特に一連の品質不適切行為に関しては、2021年7月に社外弁護士を委員長として設置した調査委員会に調査を委嘱し、当社国内全従業員に対するアンケート調査等で得られた内容について客観的データ等の突合による整合性確認、当該拠点関係者や役員に対するフォレンジック調査及び関係者へのヒアリング調査を実施してまいりました。調査委員会による当社22製作所等の全ての調査が終了し、同委員会から不適切行為の調査結果に関する調査報告書(最終報告)を2022年10月20日付で受領するとともに、2021年10月に設置した、外部専門家で構成されるガバナンスレビュー委員会からガバナンス体制・内部統制システム全般の検証及び提言並びに役員の経営上の責任の追加検証及び評価の報告書を受領しました。これまでの調査委員会の調査報告に基づき、当社内でも品質不適切行為の類型と背景についてあらためて分析を進め、2021年10月に始動した3つの改革(品質風土、組織風土、ガバナンス)において強化すべき内容を再点検しました。これらの分析の結果、3つの改革の方向性に大きな変更は必要ないものの、特に、未然防止に向けたエンジニアリングプロセスの変革、双方向コミュニケーションの風土醸成、予防重視のガバナンス・内部統制システムの構築に重点をおき、着実に再発防止策を推進してまいります。

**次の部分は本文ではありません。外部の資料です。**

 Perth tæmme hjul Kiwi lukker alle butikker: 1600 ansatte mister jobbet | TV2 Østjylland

品質風土改革(エンジニアリングプロセスの変革)においては、以下の取り組みを通じて、顧客に対しては、技術的に正しい説明を尽くす組織能力を再構築するとともに、経営層自ら顧客と対話・交渉することで現場の負担を軽減し、「そもそも現場が品質不適切行為を起こす必要のない仕組み」を構築してまいります。
・設計や品質管理のリソースと負荷の見える化に基づく人材の増強や作業効率化、管理スパンの適正化など、現場マネジメントを確実に実行できる環境の整備
・レビュアーの配置拡充やレビュー実効性の向上など開発設計のフロントローディングの推進
・データに基づく品質管理と手続きの実行、経営層による顧客との会話
組織風土改革(双方向コミュニケーションの確立)においては、以下の取り組みを通じて、双方向コミュニケーションを確立し、“上にモノが言える”、“課題解決に向けて皆で知恵を出し合える”風土を醸成してまいります。

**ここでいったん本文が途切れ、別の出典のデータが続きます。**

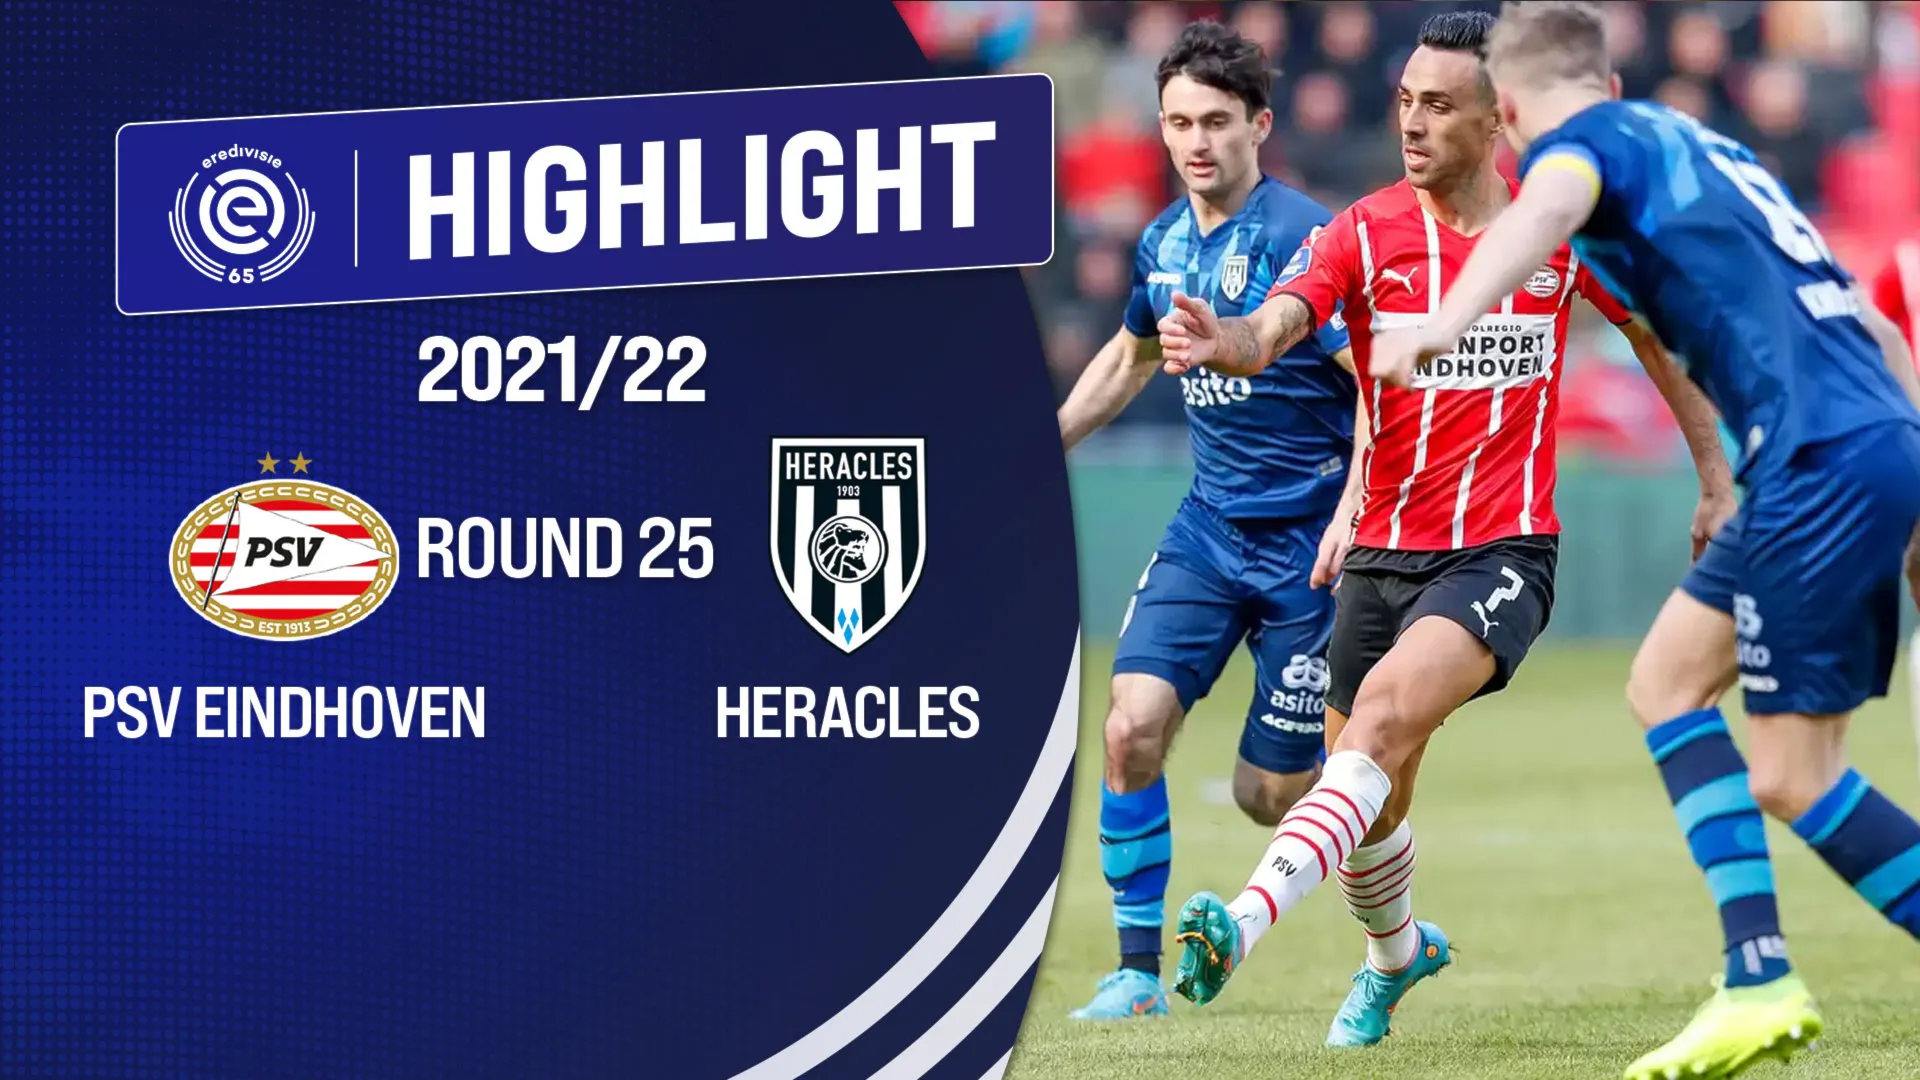 Highlights PSV Eindhoven vs Heracles (Vòng 25 - Giải VĐQG Hà Lan 2021/22)
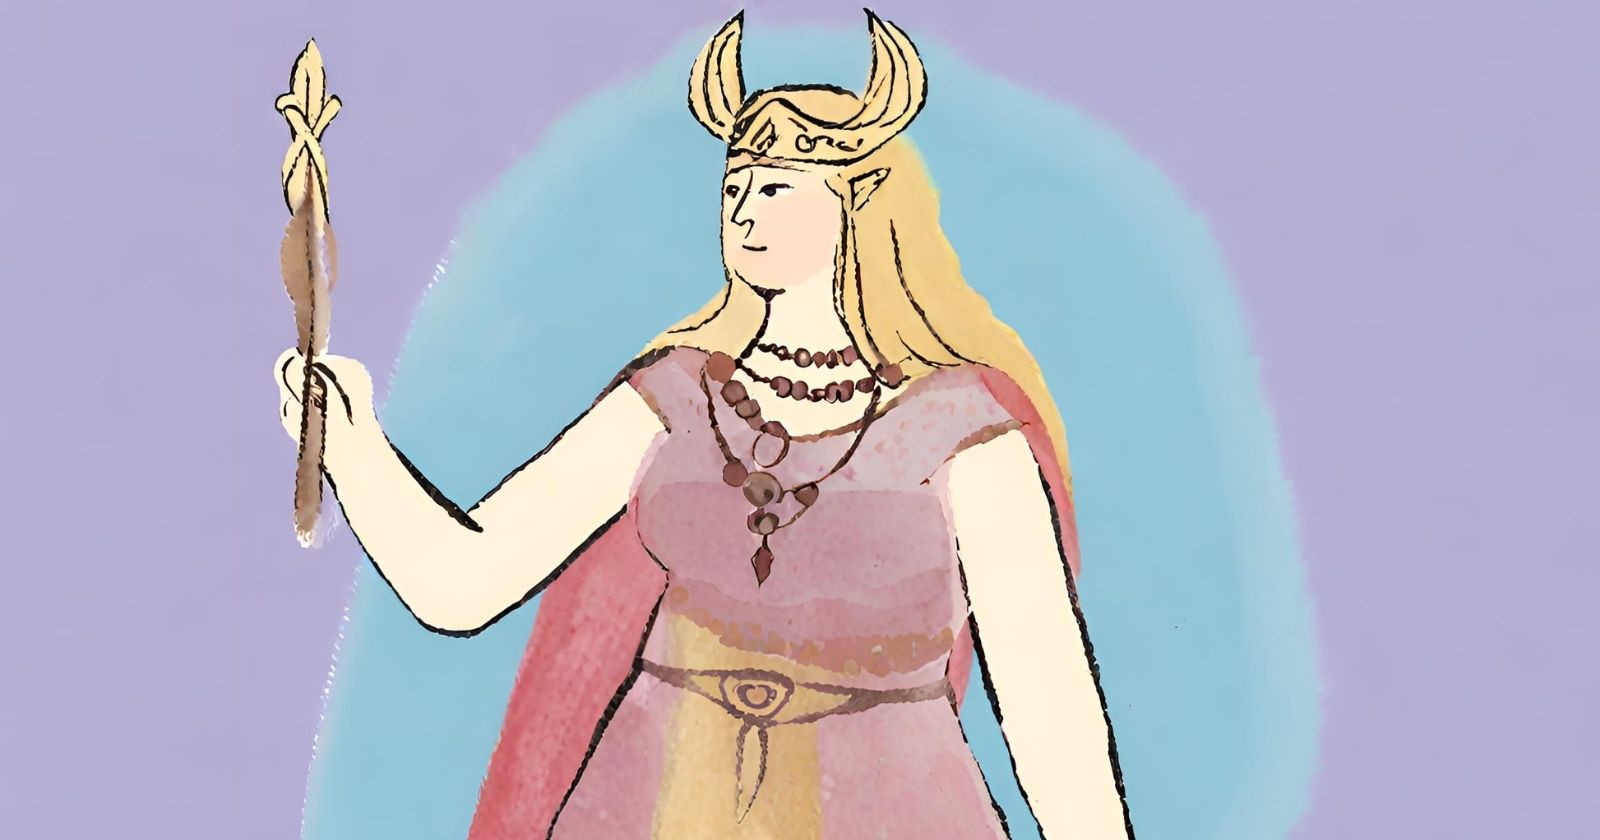 Freyja a Deusa Nórdica da Beleza e da guerra

・経営層自らの変革を図るべく、幹部へのコーチングや現場と目線を合わせたタウンミーティング、執行役による社内SNSを通じた情報発信などの継続実行
・事業所や部門を跨るローテーションや1on1ミーティング、「心理的安全性/雑談・相談ガイドライン」の発行など、部門内外で人が繋がり、組織の自走化に資するコミュニケーション活性化策の積極的な展開
・職場の諸課題に対しては、報告を待つのでなく、管理者側から積極的に傾聴、把握し組織的解決に繋げるような行動変容の徹底
ガバナンス改革(予防重視のコンプライアンスシステムの構築)については、以下の取り組みを通じて、より効率的で実効性の高いガバナンス体制を構築してまいります。
・この1年で実現した取締役会構成の見直しを踏まえて、特に社外取締役との重要情報の共有を徹底する仕組みを構築し、取締役会の経営モニタリング機能をさらに強化
・全社的な横ぐし機能を強化し、予兆把握と予防を重視した内部統制システムを構築、全社リスク制御機能を強化
・社外取締役を過半数とする取締役会によるステークホルダー視点を重視したモニタリングを通じた3つの改革の持続的な加速・改善
なお、2021年7月より実施した外部専門家で構成する調査委員会によるアンケートを起点とした当社製造拠点の品質不適切行為調査は今回受領した報告書にて完了しましたが、3つの改革の取り組みは引き続き経営上の最重点課題として継続推進し、その進捗状況については、取締役会がモニタリングするとともに、当社ホームページ*5を通じて社内外に開示してまいります。
また、関係会社に対しても、CQO(Chief Quality Officer)が、今回調査で得られた教訓と知見に基づき、実態の把握を行うべく、品質診断を各社ごとに開始しています。今後は、この診断結果に基づき、各社の特性に応じて、品質不正の未然防止機能に光を当てた改善に取り組み、良好事例を横展開することで、三菱電機グループ全体で品質不正を生まない仕組みの確立に向けた活動を主体的に継続していきます。
*5 当社品質不適切事案へのお詫びと対応について https://www.MitsubishiElectric.co.jp/reform/
(後略)
(5)研究開発活動
当第2四半期連結累計期間におけるグループ全体の研究開発活動の金額は、1,027億円(製造費用へ計上した改良費等を含む)です。
なお、当第2四半期連結累計期間において、三菱電機グループの研究開発活動の状況に重要な変更はありません。